Photoperiod Can Affect Reproductive Performance

Dairy herds that provided 24 hours of light to cattle saw negative results.  Providing 24 hours of light resulted in longer days between breedings, more days open, and more breedings per cow.

Numerous research studies in North America have clearly demonstrated that when dairy cows are provided summerlike, long days in the winter, they respond with increased milk production. The increase in yield noted in nine such studies average 5 pounds per cow per day. No adverse effects on fertility or health have been reported.

Light Can Mean Lower Age to Puberty

A goal of the industry has been to get heifers into the milking herd as soon as possible. Previous research has indicated that long day photoperiod can lead to leaner growth, greater mammary development, and lower the age to puberty by an average of one month.  One study determined that breeding and calving of the heifers in the long day photoperiod occurred earlier than heifers in a short day photoperiod.  Even though long day photoperiod heifers had a lower body weight, they did not experience limited skeletal growth.  Instead, they had lower body condition scores because they were using the energy that they consumed for skeletal growth.  Feed intakes did not differ between the short day photoperiod and long day photoperiod groups and long day photoperiod heifers spent less time at the feed bunk, which would suggest they were more feed efficient.  The long day photoperiod heifers also had higher milk production throughout the first 5 DHI tests.

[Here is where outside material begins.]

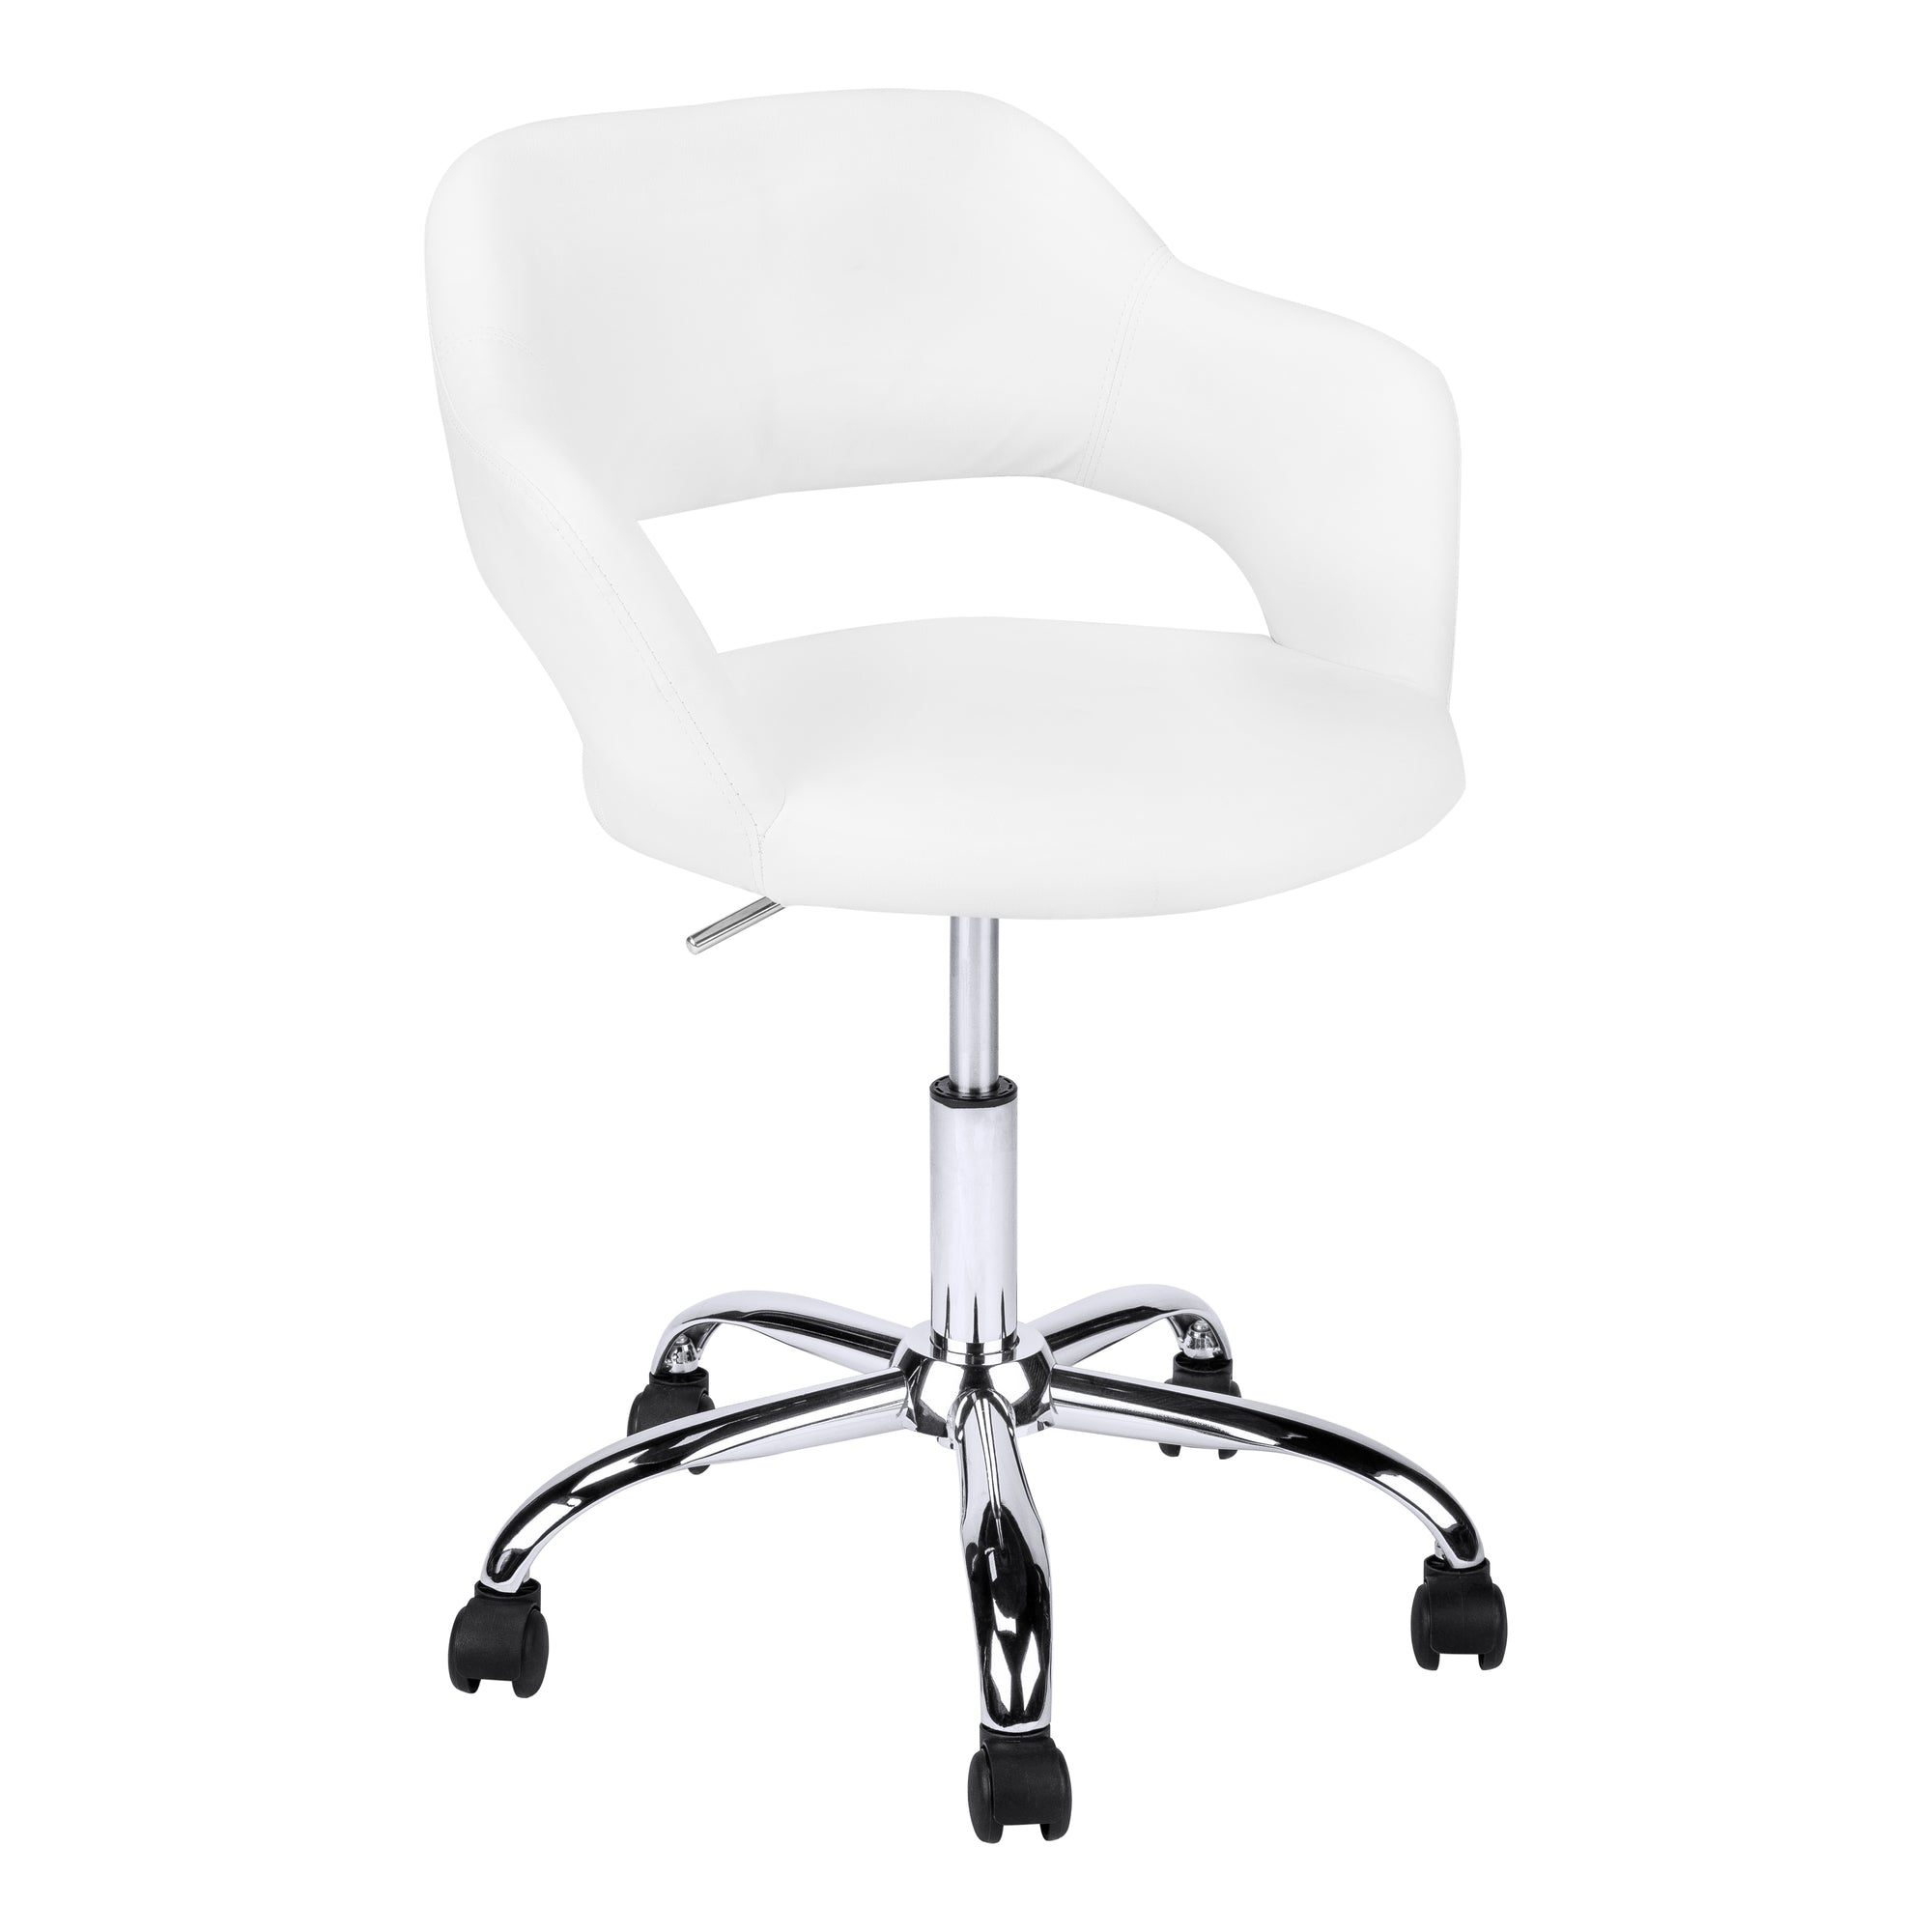 MN-957299    Office Chair, Adjustable Height, Swivel, Ergonomic, Armrests, Computer Desk, Office, Metal Base, Leather Look, White, Chrome, Contemporary, Modern

In one of the first studies looking at differences in the growth between heifers with supplemented lighting (16 hours) and natural lighting, heifers in the supplemented lighting group had a larger heart girth size of about 1.6 inches after the 16-week trial.  These heifers also averaged 1.9 pounds of daily gain compared to the 1.7 pounds for the heifers in a natural lighting scheme.

Dry Cows Need Less Light

Dry cows have the opposite effect with a long day photoperiod compared to lactating cows and heifers.  Providing dry cows with a short day photoperiod leads to higher milk production the next lactation.  One study has shown milk production increased 6.8 pounds per day in the next lactation.  Milk, fat and protein yields were also higher in the short-day photoperiod cows.  A short-day photoperiod also lead to 2.9 lbs more daily dry matter intake during the dry period.

Additional Management Factors

Farmers have many different protocols to increase milk production including manipulating the amount of light available throughout the day.  One practice that would yield significant results would be to start managing lighting at a young age.  Producers should provide long day photoperiod to their heifers to help increase dry matter intake and make them more feed efficient.  Providing a long day photoperiod would also allow them to breed heifers at an earlier age.  Dry cows benefit the most from a short day photoperiod, 8 hours of light and 16 hours of dark.    Dry matter intake increases when dry cows have shorter lighting periods.

With ever-narrower margins, dairy farmers are always seeking tools that will improve the productivity of their dairy farms.

First make the plan. Modernize and develop lighting on your dairy enterprise.

Then consider the finances. Sure there will be expenses but there will also be proven profitability.

The Bullvine Bottom Line

As we have learned, long-day light is a simple and well-proven technique to increase milk production and profitability.

Don’t make resolutions that you won’t follow through on.

Instead, make sure that you’re seeing your dairy herd in the right light!